NM Land Commissioner visits Eddy County to assess oilfield-related pollution

New Mexico News

New Mexicans know how important the oil and gas industry is to the state’s economy, but is it coming at a cost to the environment?

State Land Commissioner Stephanie Garcia Richard went to southeast New Mexico to see for herself.

“I think it’s much broader and deep than we had anticipated,” she said.

The environmental advocacy group, Earthworks, says oil and gas related emissions are higher there than any other part of the state—something they say is preventable.

“It is unrivaled…both the speed of the development and the number of new sites going in or being re-fracked in the area is intense,” said Earthworks Field Advocate Nathalie Eddy.

Meanwhile, methane and benzene are being released into the air. 

Eddy says methane has a direct correlation to climate change, and benzene can have significant health impacts such as cancer and respiratory issues. Even just visiting the oilfield sites, she says can cause nausea, headaches and sore throats.

“Up ’til now, this has pretty much been kind of Wild West operations and the operators know it so there’s not a strong incentive to change business,” said Eddy.

“From the naked eye, you can’t see that anything is amiss,” said Garcia Richard.

Commissioner Garcia Richard campaigned on the idea of methane capture.

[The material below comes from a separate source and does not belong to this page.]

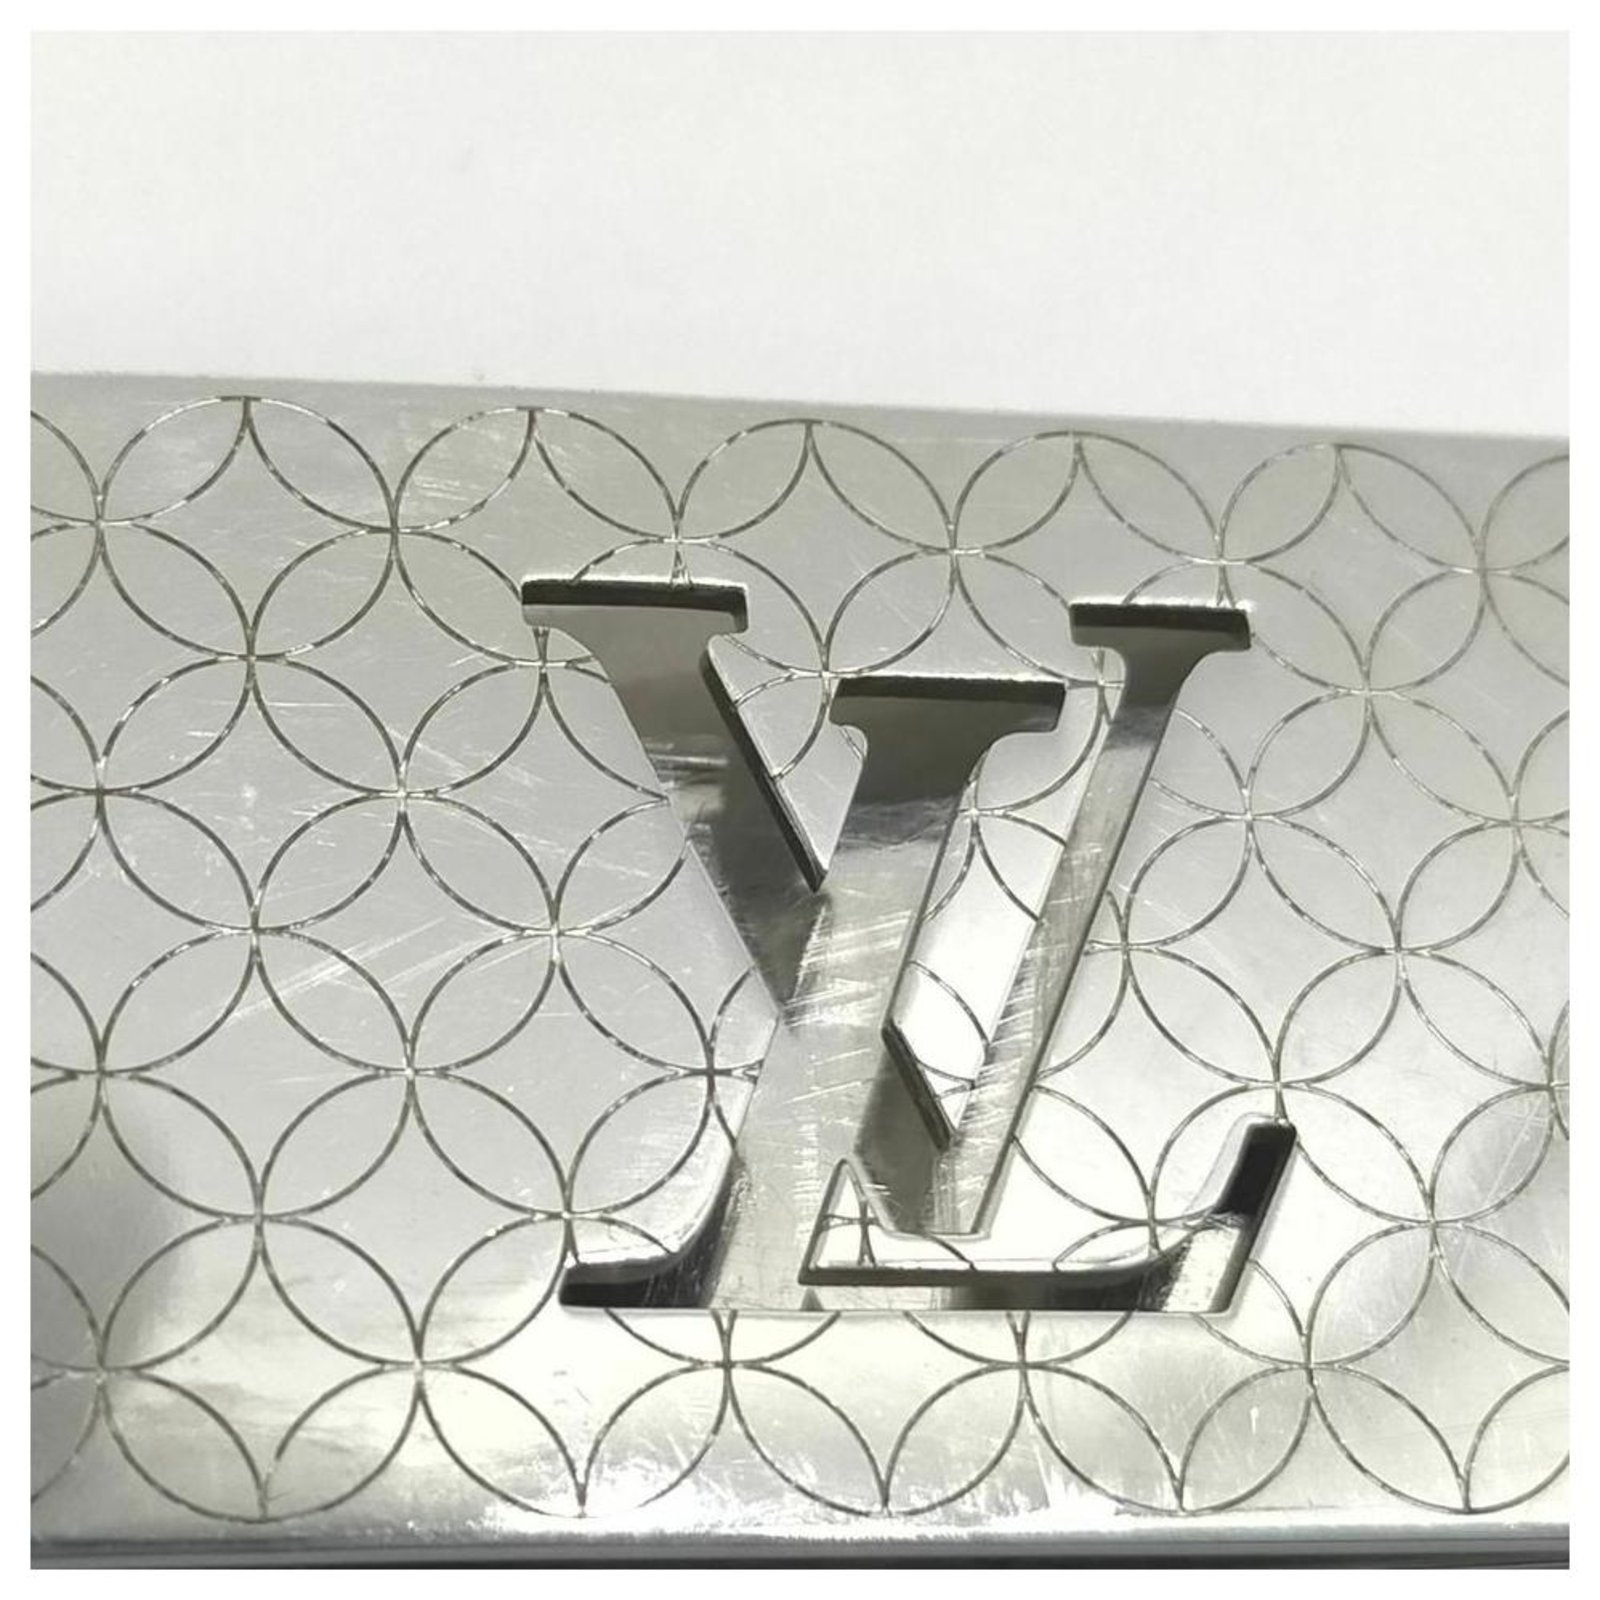 Louis Vuitton Geldklemmer aus Edelstahl Silber

Over the weekend, she went with Earthworks to Eddy County to see it firsthand using optical gas imaging.

“I told Nathalie that she should’ve prepared us emotionally better for what we were about to see because we did not expect to see what we did,” said Garcia Richard.

Through the lens, you can see clouds of emissions spewing from the sites. 

“Last year alone, there were 1,712 violations and not a single penalty assesed by the Oil Conservation Divison,” said Eddy.

Garcia Richard says her eyes were opened, quite literally. Now, she’s ready to work with the oil and gas industry and help take action to stop the pollution.

“Through requiring detection and really working together to build out infrastructure to capture this methane,” she said.